It has been suggested that microbial infections may lead to a mild inflammation through the intestine and the development of IBS. Although the results contradict (12), the emerging role of intestinal parasites in the development of IBS is now being investigated (13). Intestinal parasites can increase the gut permeability and contact of lumen antigens with the lower layers of the intestine, provoking immune responses, and developing chronic inflammation (14, 15).

Accordingly, a higher prevalence of some protozoa (Giardia, Blastocystis, and Cryptosporidium) was recorded among the patients with IBS compared to healthy controls (16). The correlation between previous infection with Giardia and an increased risk of IBS was strongly suggested by retrospective studies. In this regard, in a retrospective cohort study performed by Dormond et al. (17), which was carried out on military personnel, the risk of developing chronic GI disorders, such as IBS, was assessed in those with documented giardiasis and the findings represented an increased risk of IBS in Giardia-infected personnel (17). Nakao et al. (18), in a large retrospective study, which employed the 2006–2010 MarketScan commercial insurance database, showed that despite considering confounding factors, such as anxiety, depression, and healthcare utilization, giardiasis increased the risk of subsequent IBS (18). Although the mechanism beyond the role of giardiasis in increasing the risk of IBS is not clear, destruction of the intestinal barrier unity during colonization of G. lamblia appears to be an important factor. For example, it was demonstrated that infection by Giardia may lead to gut barrier dysfunctions via downregulation of tight junctions, such as claudin-1, and induction of apoptosis in epithelial cells throughout the intestine (19).

There is evidence speculating the role of early-age infection by Cryptosporidium in the development of IBS in adolescence, via increased jejunal sensitivity to bloating (20). In addition, the intestinal stage of a nematode worm, Trichinella spiralis, seems to provoke a mild inflammation over the gut epithelial cell, which can lead to visceral sensitivity and changes in intestinal motility (21–23). It was shown that transient mucosal inflammation in Swiss mice during the acute phase of infection by T. spiralis can lead to an alteration in neuromuscular functions, even after the resolution of Trichinella-caused inflammation (21).

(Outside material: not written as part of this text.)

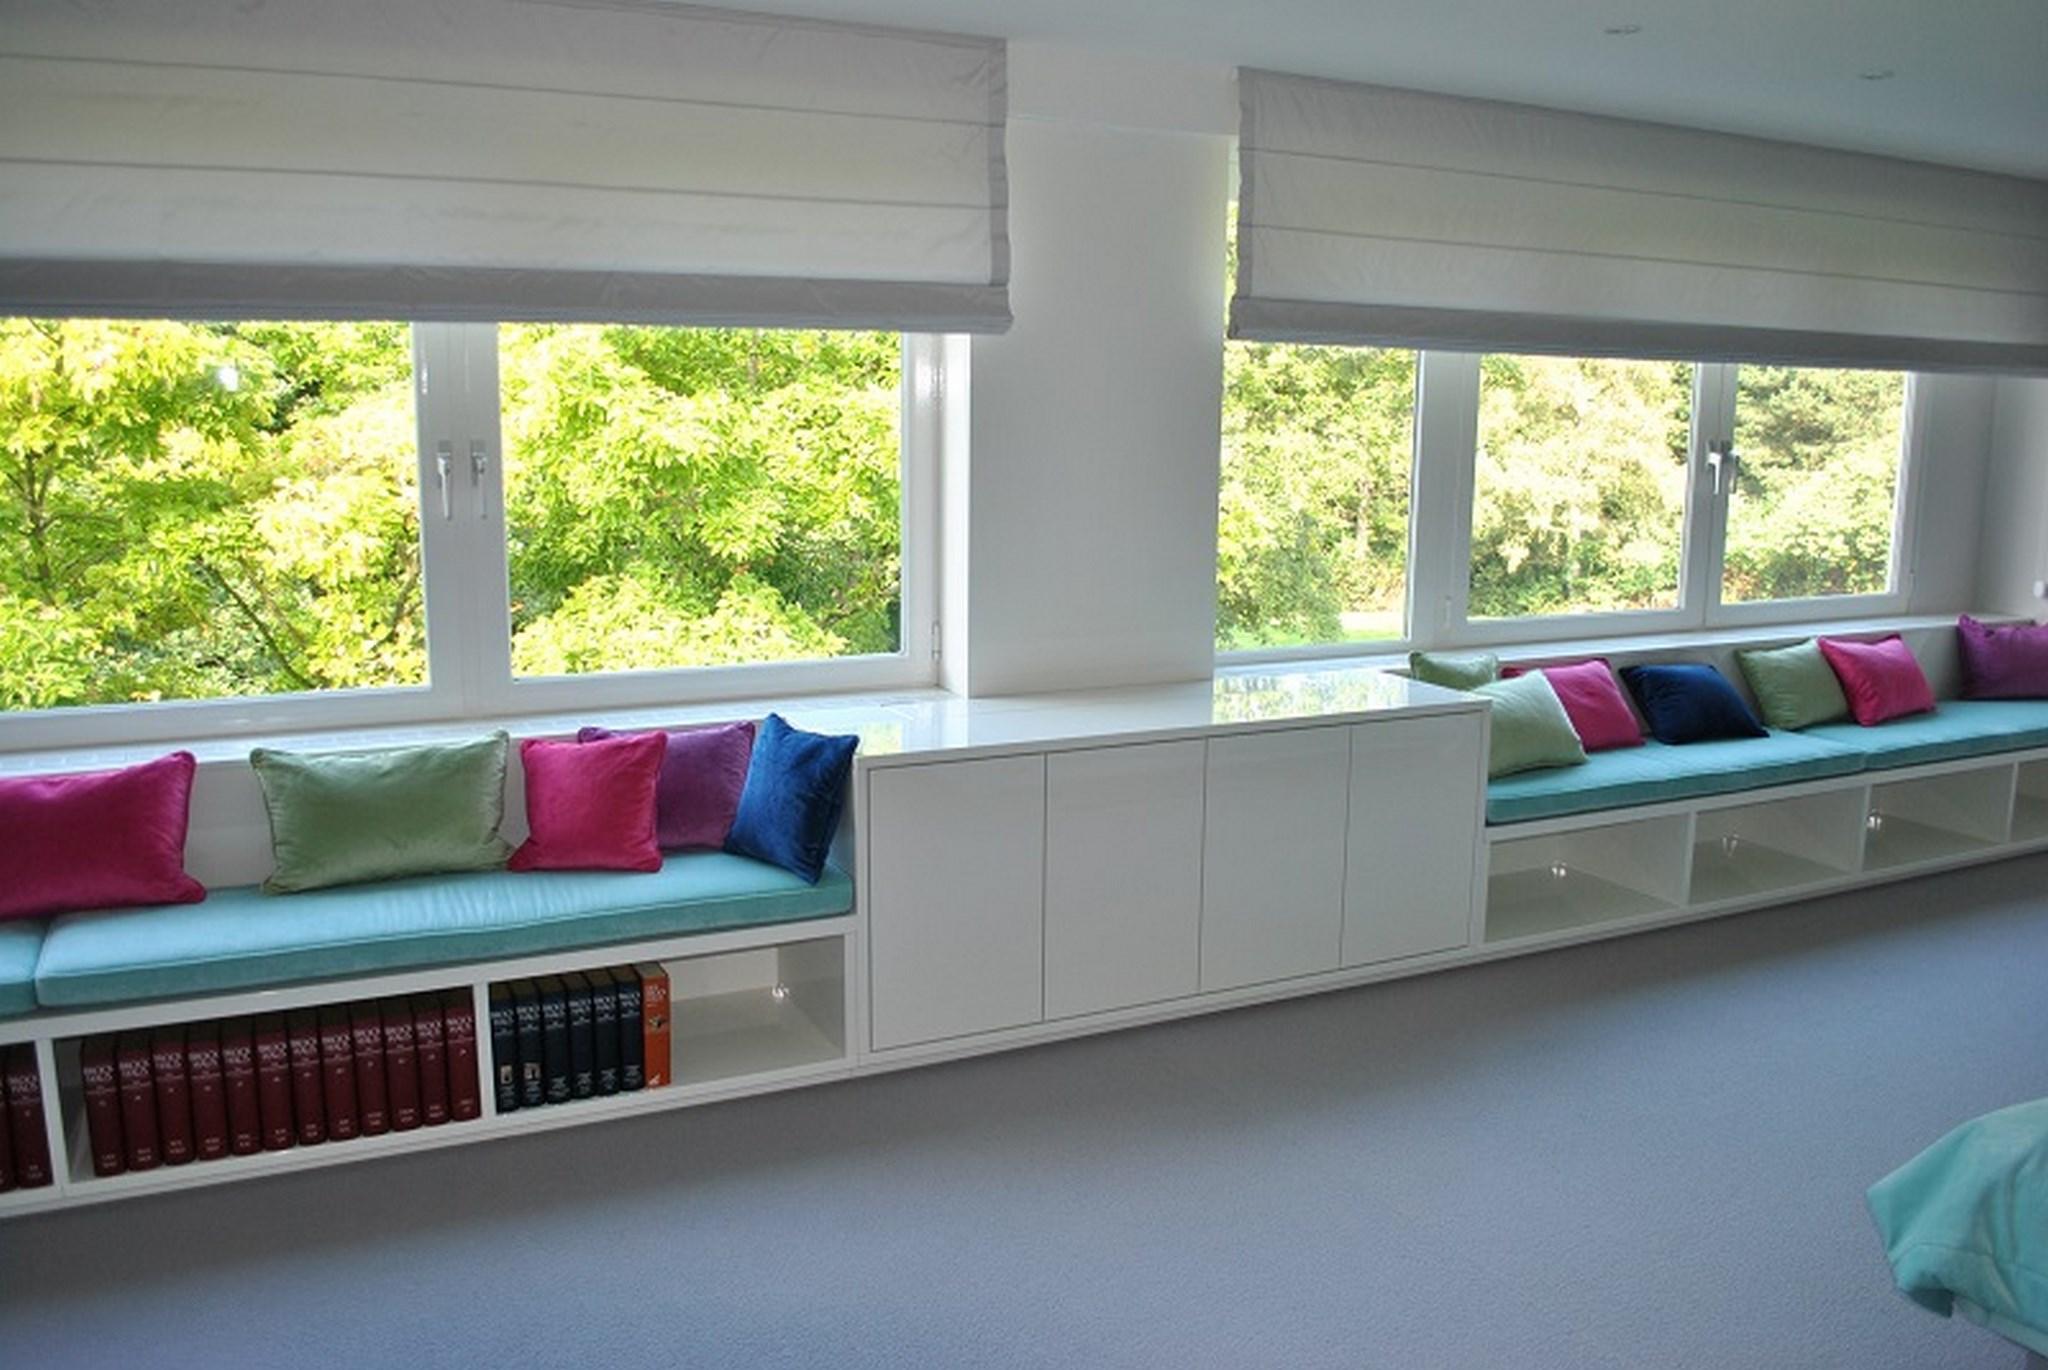 privakunden tischlerei van neuss gmbh. Black Bedroom Furniture Sets. Home Design Ideas

These findings were then supported by Venkova et al. (23), who demonstrated jejunal inflammation due to T. spiralis, which induced long-term changes in muscle contractility and enteric neurotransmission, even after recovery from mucosal inflammation (23). Eventually, it was demonstrated that during the GI phase of trichinosis, T. spiralis can induce a long-term remodeling of epithelial functions (22). Therefore, the persistent inflammation and neuromuscular dysfunctions during the intestinal stage of trichinosis, seem to increase the risk of IBS development, particularly in those who are susceptible.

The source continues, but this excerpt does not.